4. Infinitely many solutions. (The second equation is a multiple of the first equation. Any point on the line x + 2y = 1 is a solution.)

5. Infinitely many solutions. (The second equation is a multiple of the first equation.)

6. x = 2, y = 1 (Solve the first equation for x: x = 5 - 3y; substitute into the second equation: 2(5 - 3y) - y = 3; solve for y: y = 1; substitute y = 1 back into x = 5 - 3y to get x = 2.)

7. Infinitely many solutions. (The second equation is a multiple of the first equation.)

8. x = -5, y = 5 (Solve the first equation for x: x = -y; substitute into the second equation: 2(-y) + 3y = 5; solve for y: y = 5; substitute y = 5 back into x = -y to get x = -5.)

9. x = 3, y = 2 (Solve the second equation for x: x = 2y - 2; substitute into the first equation: 3(2y - 2) + y = 11; solve for y: y = 2; substitute y = 2 back into x = 2y - 2 to get x = 2.)

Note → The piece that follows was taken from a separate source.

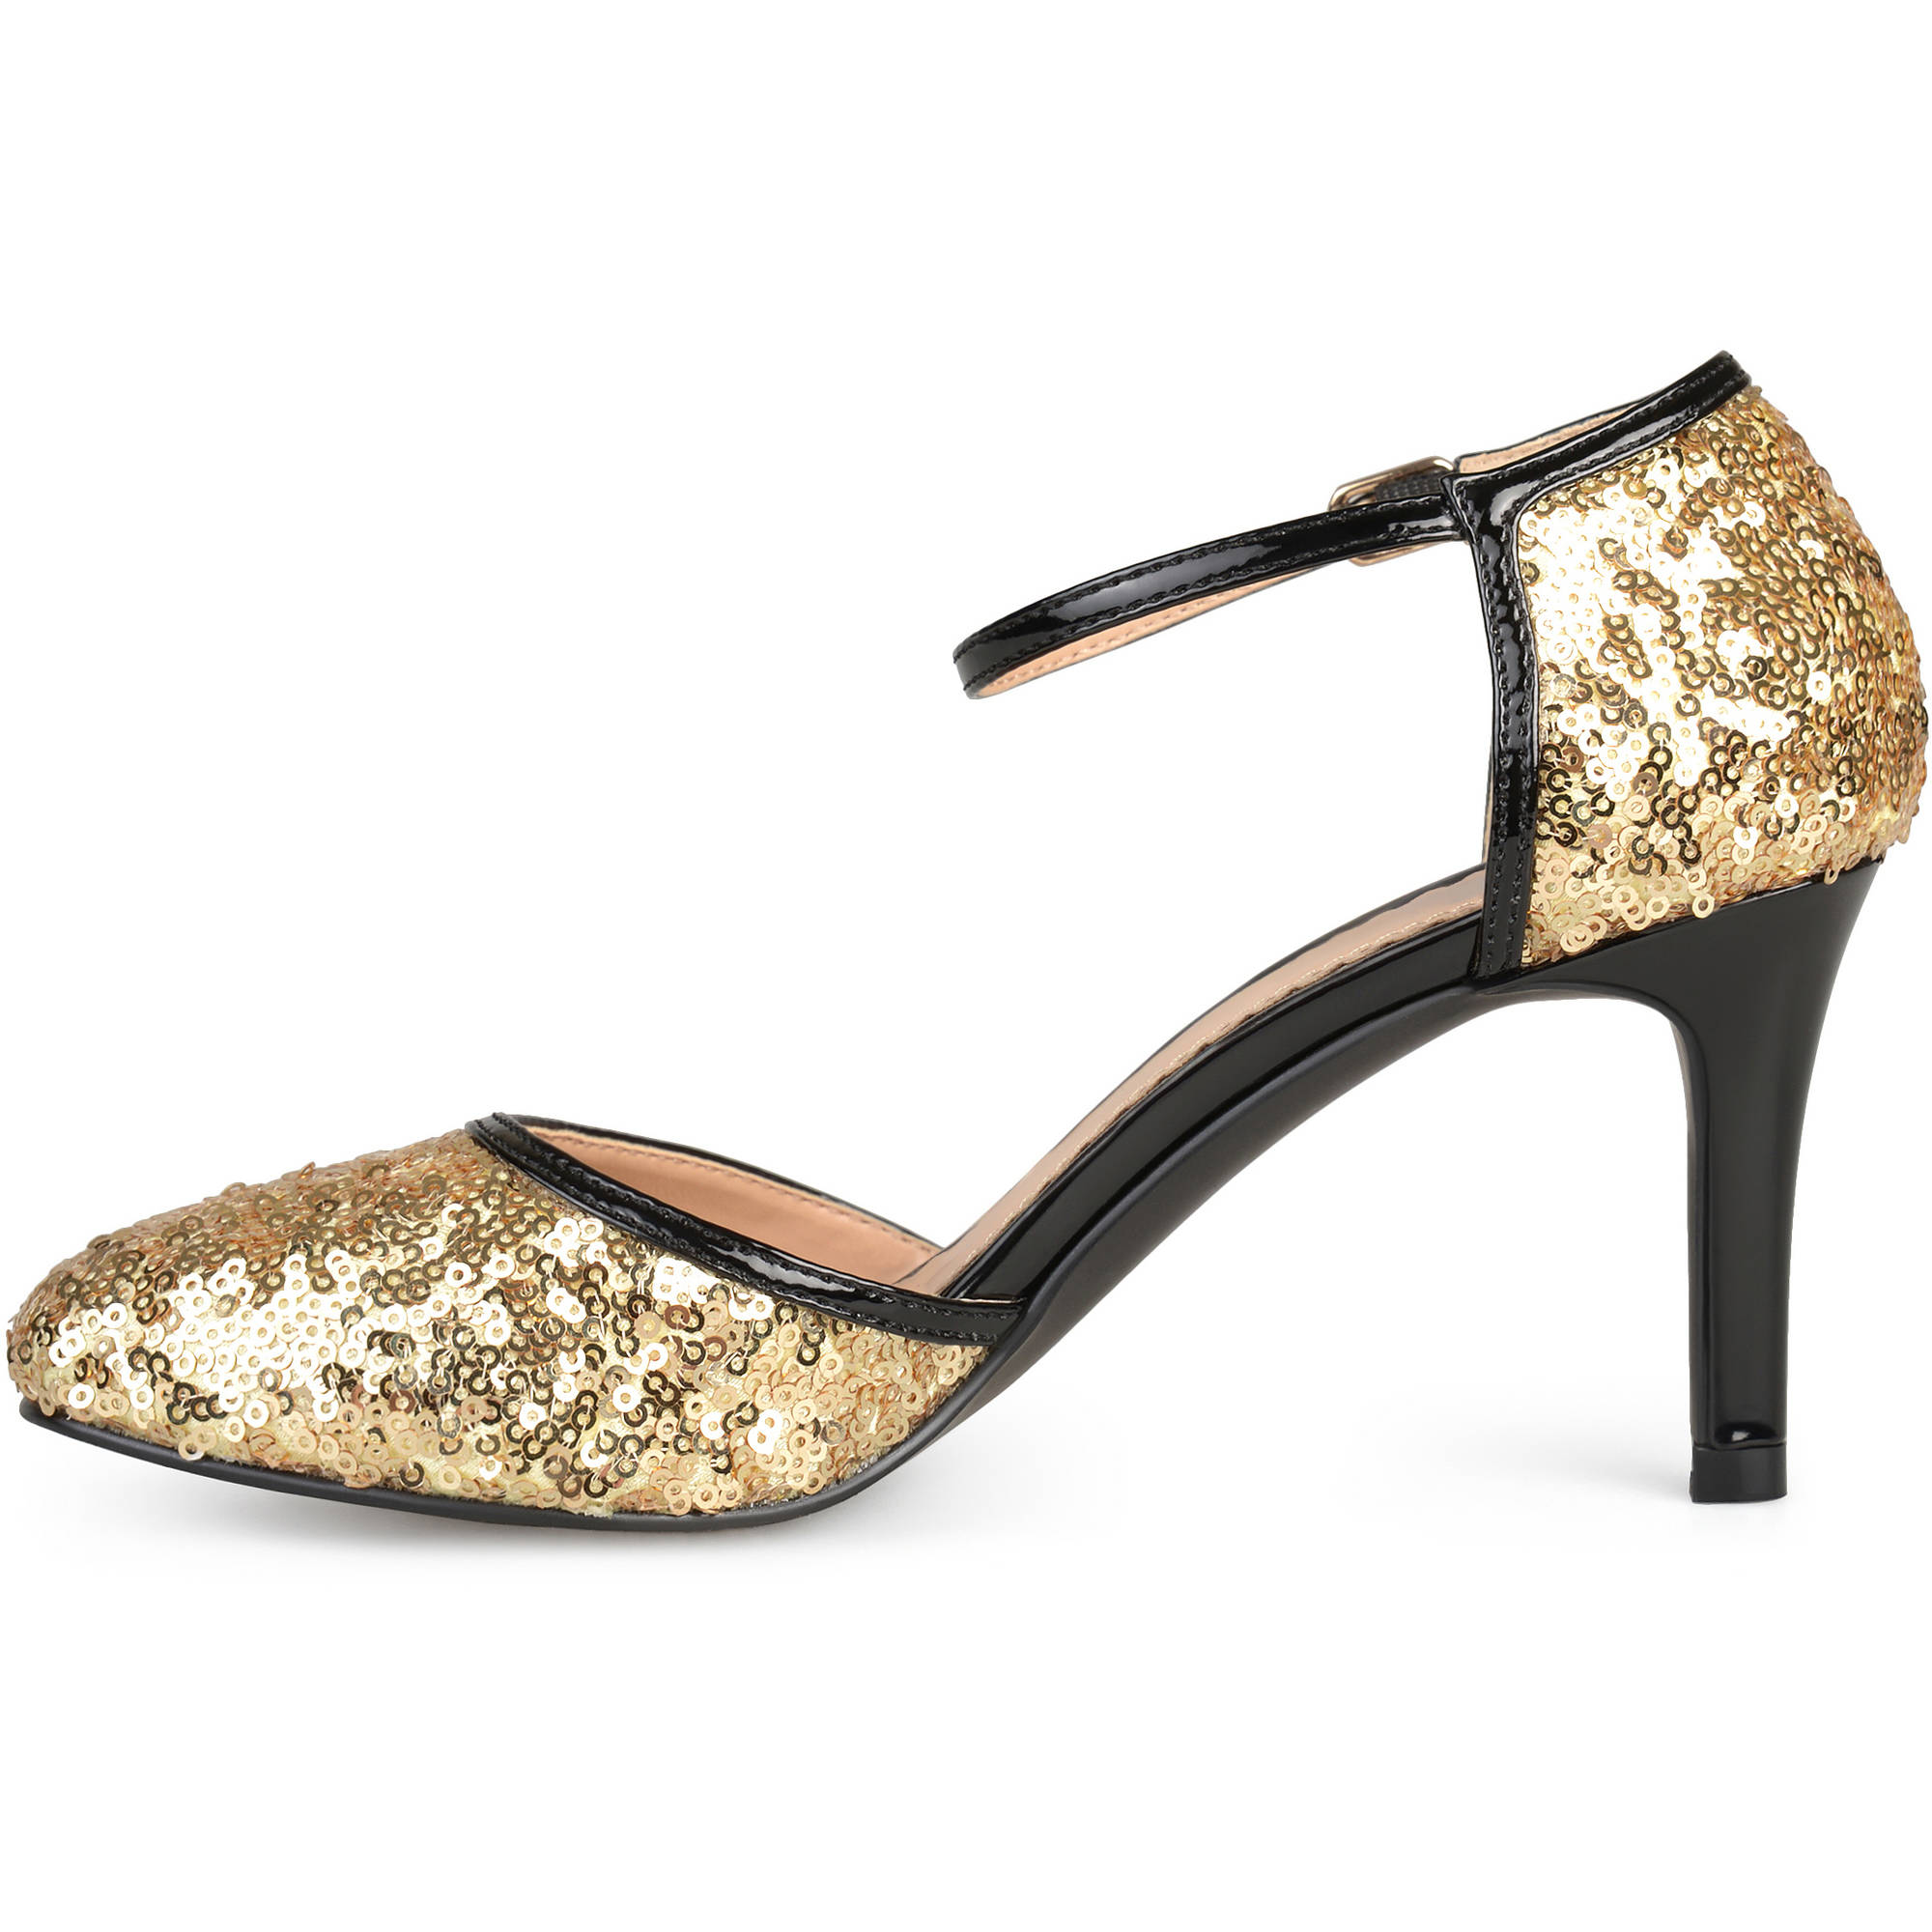 Women's Sequin Faux Leather Piping Mary Janes - image 3 of 8

10. x = 3, y = -2 (Solve the second equation for y: y = 1 - x; substitute into the first equation: 5x - 2(1 - x) = 19; solve for x: x = 3; substitute x = 3 back into y = 1 - x to get y = -2.)

Frequently Asked Questions (FAQ)

Q: What if I get a contradiction when solving?

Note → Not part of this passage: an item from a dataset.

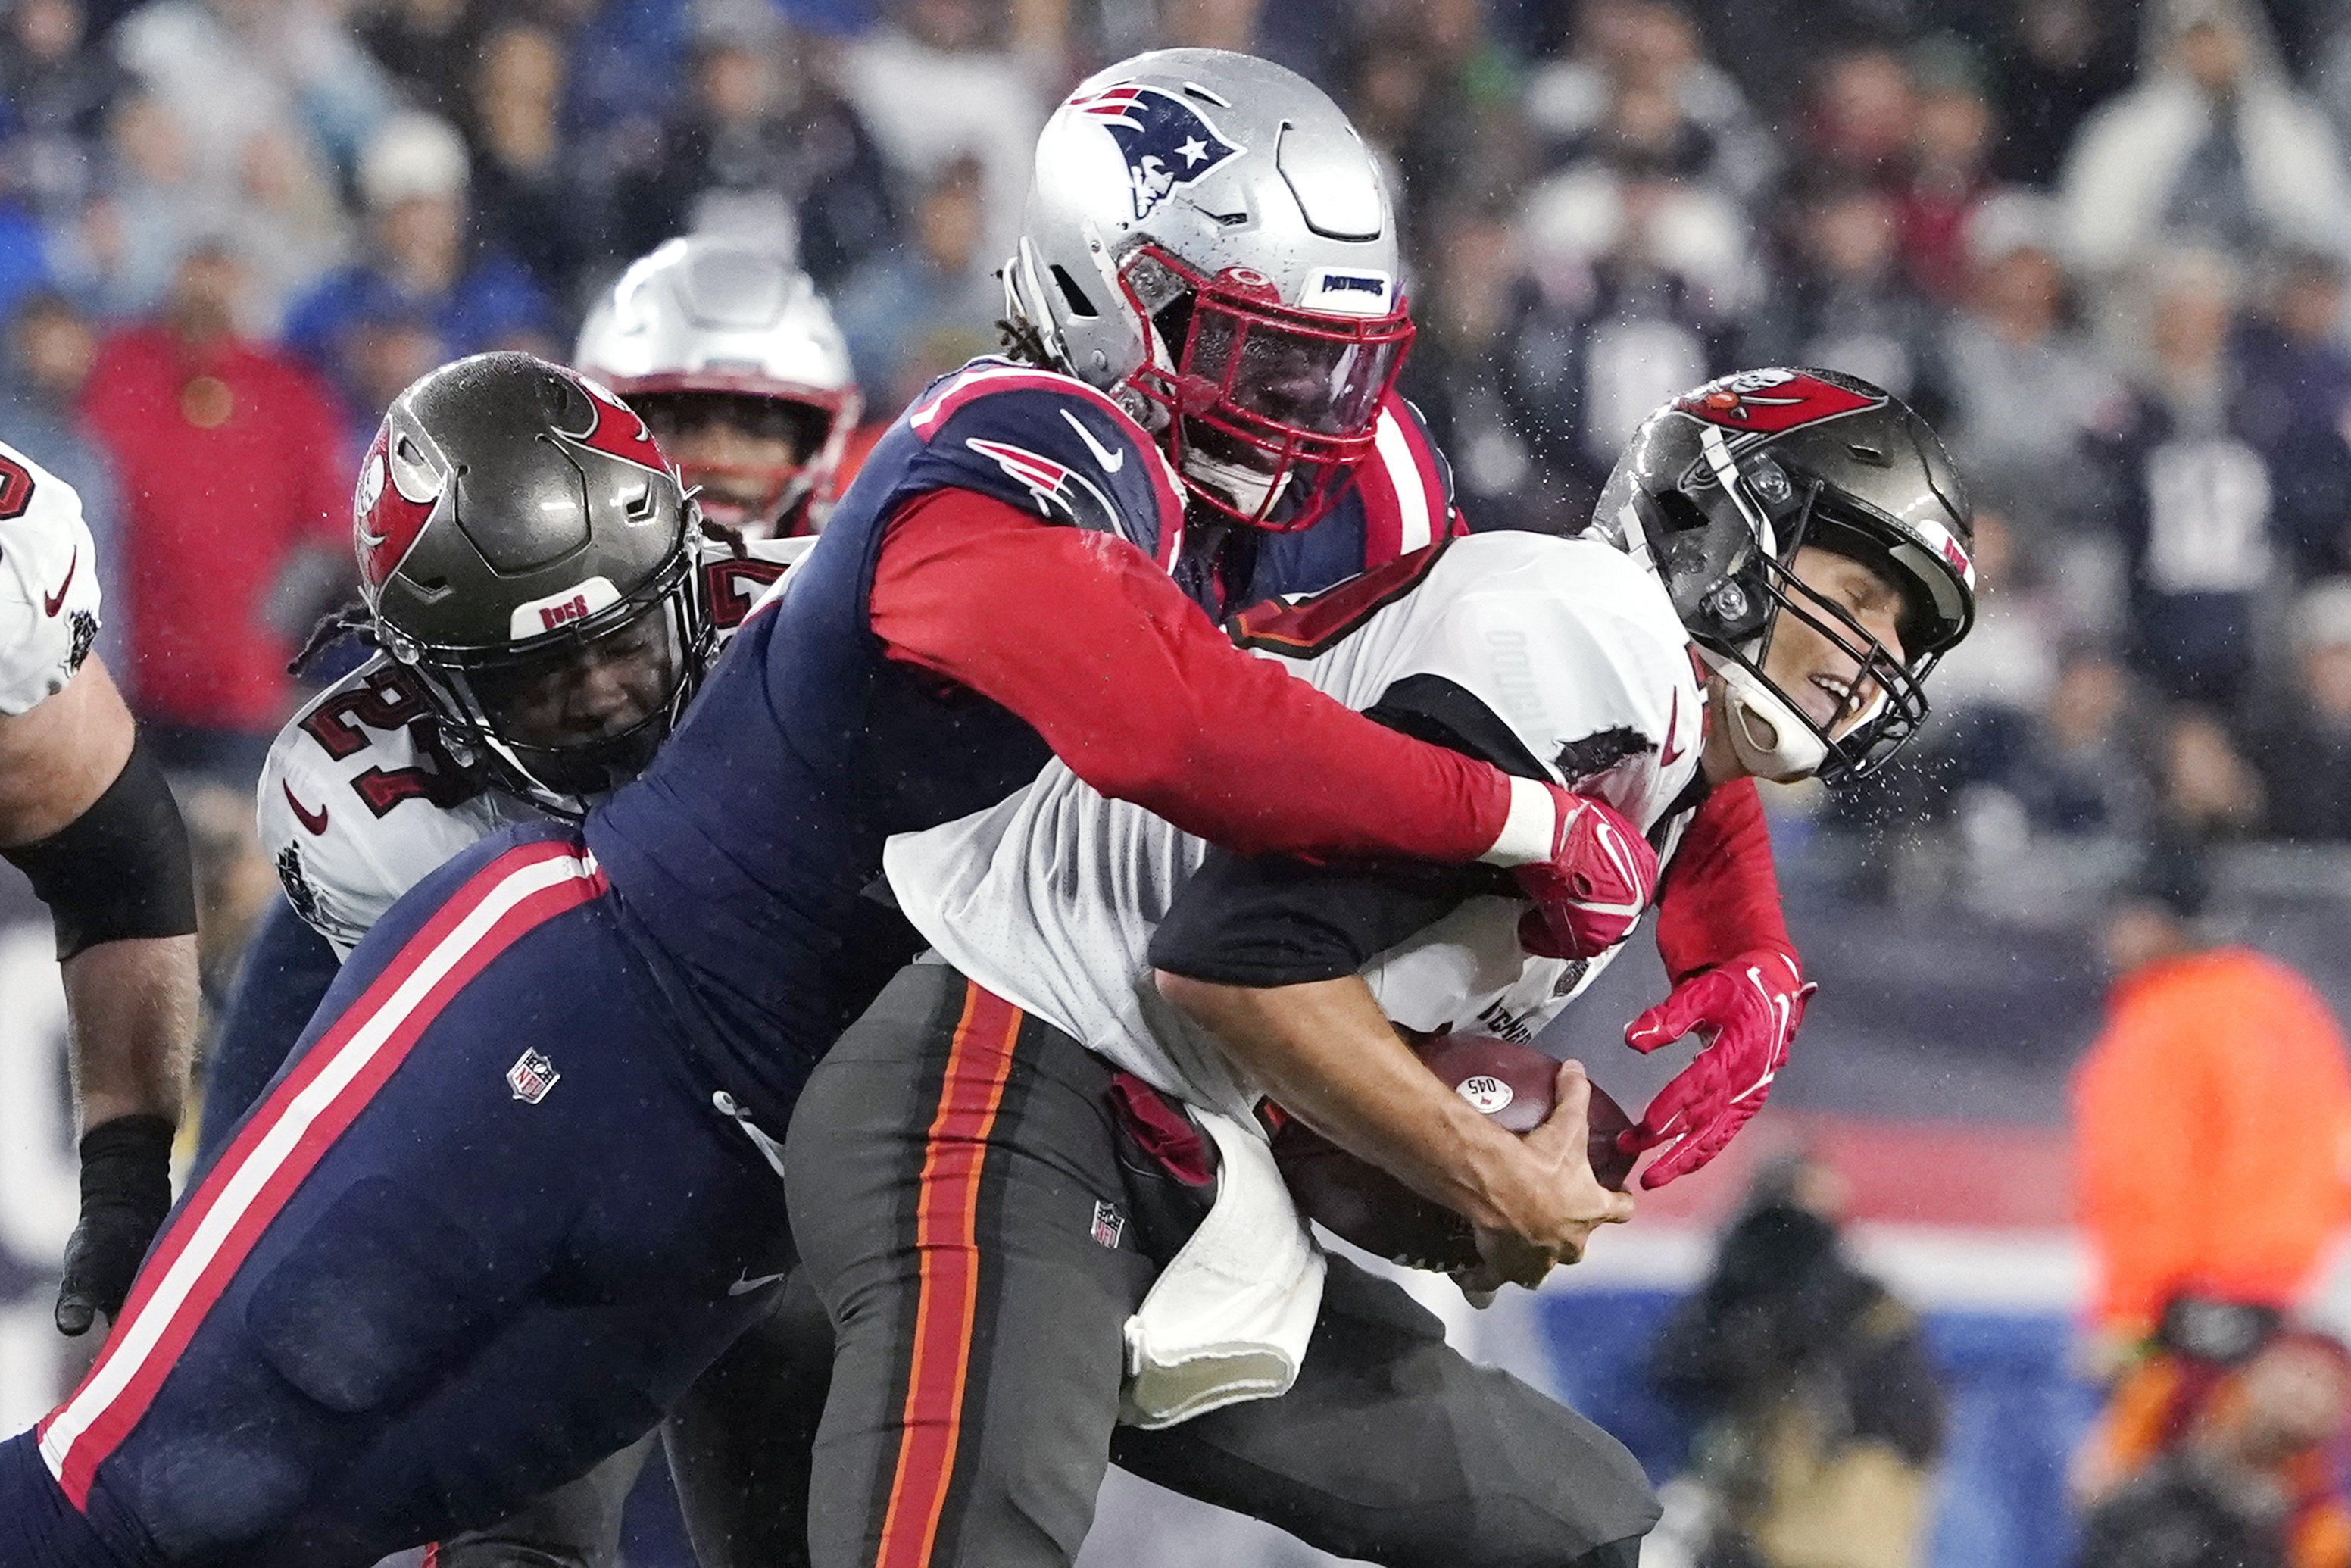 Patriots Matthew Judon carrying a little extra on signature red sleeves after birth of daughter, Azayda Joy

A: A contradiction (e.g., 2 = 5) means the system has no solution. The lines representing the equations are parallel.

Q: What if I get an identity when solving?

A: An identity (e.g., 0 = 0) means the system has infinitely many solutions. The lines are coincident.

Q: Which variable should I solve for first?

A: Choose the variable that is easiest to isolate. Look for equations where a coefficient is 1 or -1 to simplify the process.

Q: Can I use substitution with more than two equations?

A: Yes, but it becomes more complex. You'll need to solve for one variable in one equation and substitute it into the others, systematically eliminating variables until you find a solution.

Conclusion

The substitution method is a powerful and versatile technique for solving systems of linear equations. By following the steps outlined above and practicing with various examples, you can confidently solve a wide range of problems. Remember to always check your solutions by substituting them back into the original equations. This not only verifies your answer but also strengthens your understanding of the underlying concepts. Mastering this method is a significant step toward a deeper understanding of algebra and its applications. Consistent practice is key to building fluency and confidence in this essential algebraic skill.